Dans la foulée, l’un des agents français les plus actifs dans la région, Oussama Metri, a fait venir Shane Booysen à Phnom Penh. Aujourd’hui, il est l’un des joueurs les mieux payés du royaume et espère montrer le chemin à d’autres joueurs du continent. « Je peux faire vivre ma famille, je me sens bien au Cambodge. Ma carrière commence à décoller, je suis vraiment content. La prochaine étape pour moi serait de joueur en Corée du Sud ou en Chine », nous confie le footballeur, qui n’a toujours pas confirmé s’il prendrait bientôt la nationalité de son nouveau pays d’accueil.

Mais pour la plupart des joueurs africains au Cambodge, les salaires restent dérisoires. De 450 à 500 dollars (412 à 458 euros) par mois pour les meilleurs Ghanéens ou Nigérians que nous avons rencontrés. A la tombée de la nuit, ils se retrouvent parfois aux abords du stade olympique de Phnom Penh pour un match improvisé, dans l’espoir d’être repéré par l’un des douze clubs de ce minuscule pays de 15 millions d’habitants. « On ne peut pas faire grand-chose d’autre que joueur au football, nous confie l’un d’eux. Mais, avec cet argent au moins, je peux aider ma famille et envisager l’avenir plus sereinement. »

Dribbles spectaculaires et toucher de balle

Pour la plupart de ces Nigérians, Phnom Penh risque pourtant de se transformer en cauchemar et être la dernière étape de leur très courte carrière. Sans visa, sans argent et sans club pour les accueillir, certains finissent en prison et vivent de trafics. « Beaucoup de clubs profitent de cette situation pour se payer des joueurs africains pour presque rien », s’insurge Gabriel Ken Gaddafi, le président de l’Association des Nigérians du Cambodge. Les attaques cardiaques et le décès en plein match de deux joueurs africains mal entraînés ont fini par inquiéter la Fédération professionnelle de football du Cambodge, qui exige aujourd’hui des clubs la signature de contrats en bonne et due forme ainsi qu’un certificat médical.

Pour Shane Booysen, en tout cas, pas de problème de santé. Il est 15 h 30 cet après-midi. La température frôle les 30 °C dans le stade de la capitale et le ciel se couvre des nuages de la mousson. L’entraînement est quotidien au Phnom Penh Crown Football Club où évolue aussi George Bisan, un attaquant venu du Nigeria. Le championnat ne reprend qu’en janvier 2017, mais Shane Booysen espère poursuivre sa bonne saison. « C’est bien la première fois que je signe des autographes », raconte-t-il. Ces dribbles spectaculaires et son toucher de balle font des merveilles sur les terrains.

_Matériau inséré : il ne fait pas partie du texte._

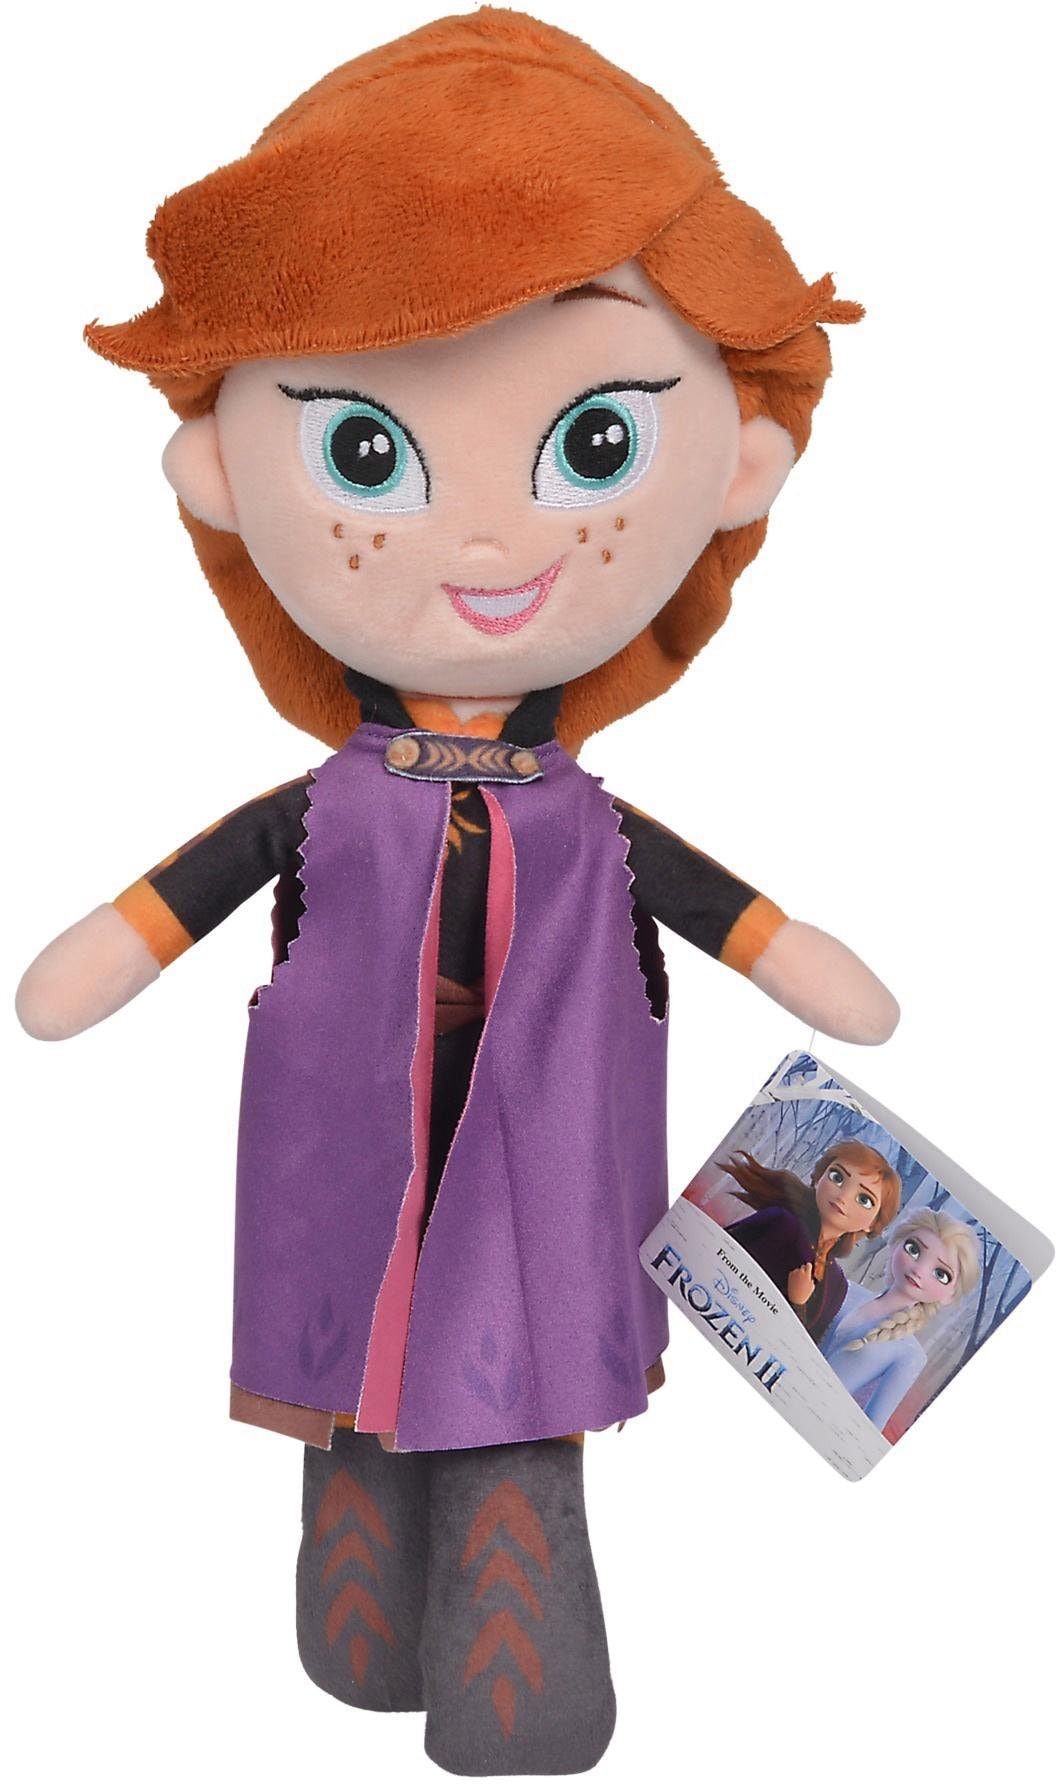 SIMBA Plüschfigur »Disney Frozen 2, Anna, 25 cm« online kaufen | OTTO
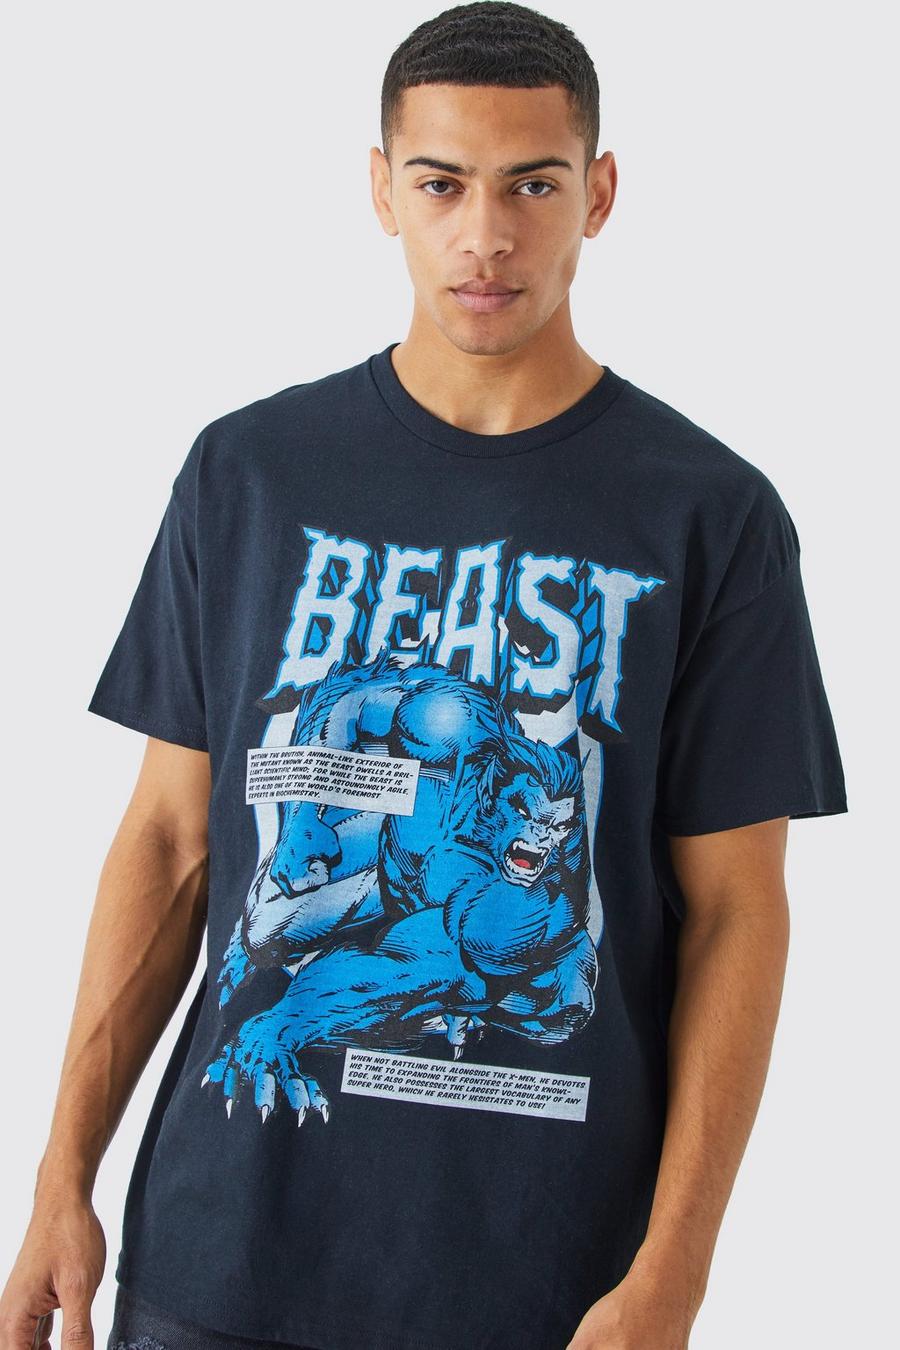 T-shirt oversize ufficiale X Men Beast, Black

« Avec mon jeu et ma couleur de peau, on me prend souvent pour un Brésilien », explique-t- il. Le meilleur buteur du championnat commence même à attirer la lumière des stades et certains clubs de Thaïlande lui font du pied. Il pourrait signer bientôt dans le royaume voisin avec un salaire qui devrait, cette fois, être deux fois plus important.

Sébastien Le Belzic est installé en Chine depuis 2007. Il dirige le site Chinafrica. info, un magazine sur la « Chinafrique » et les économies émergentes.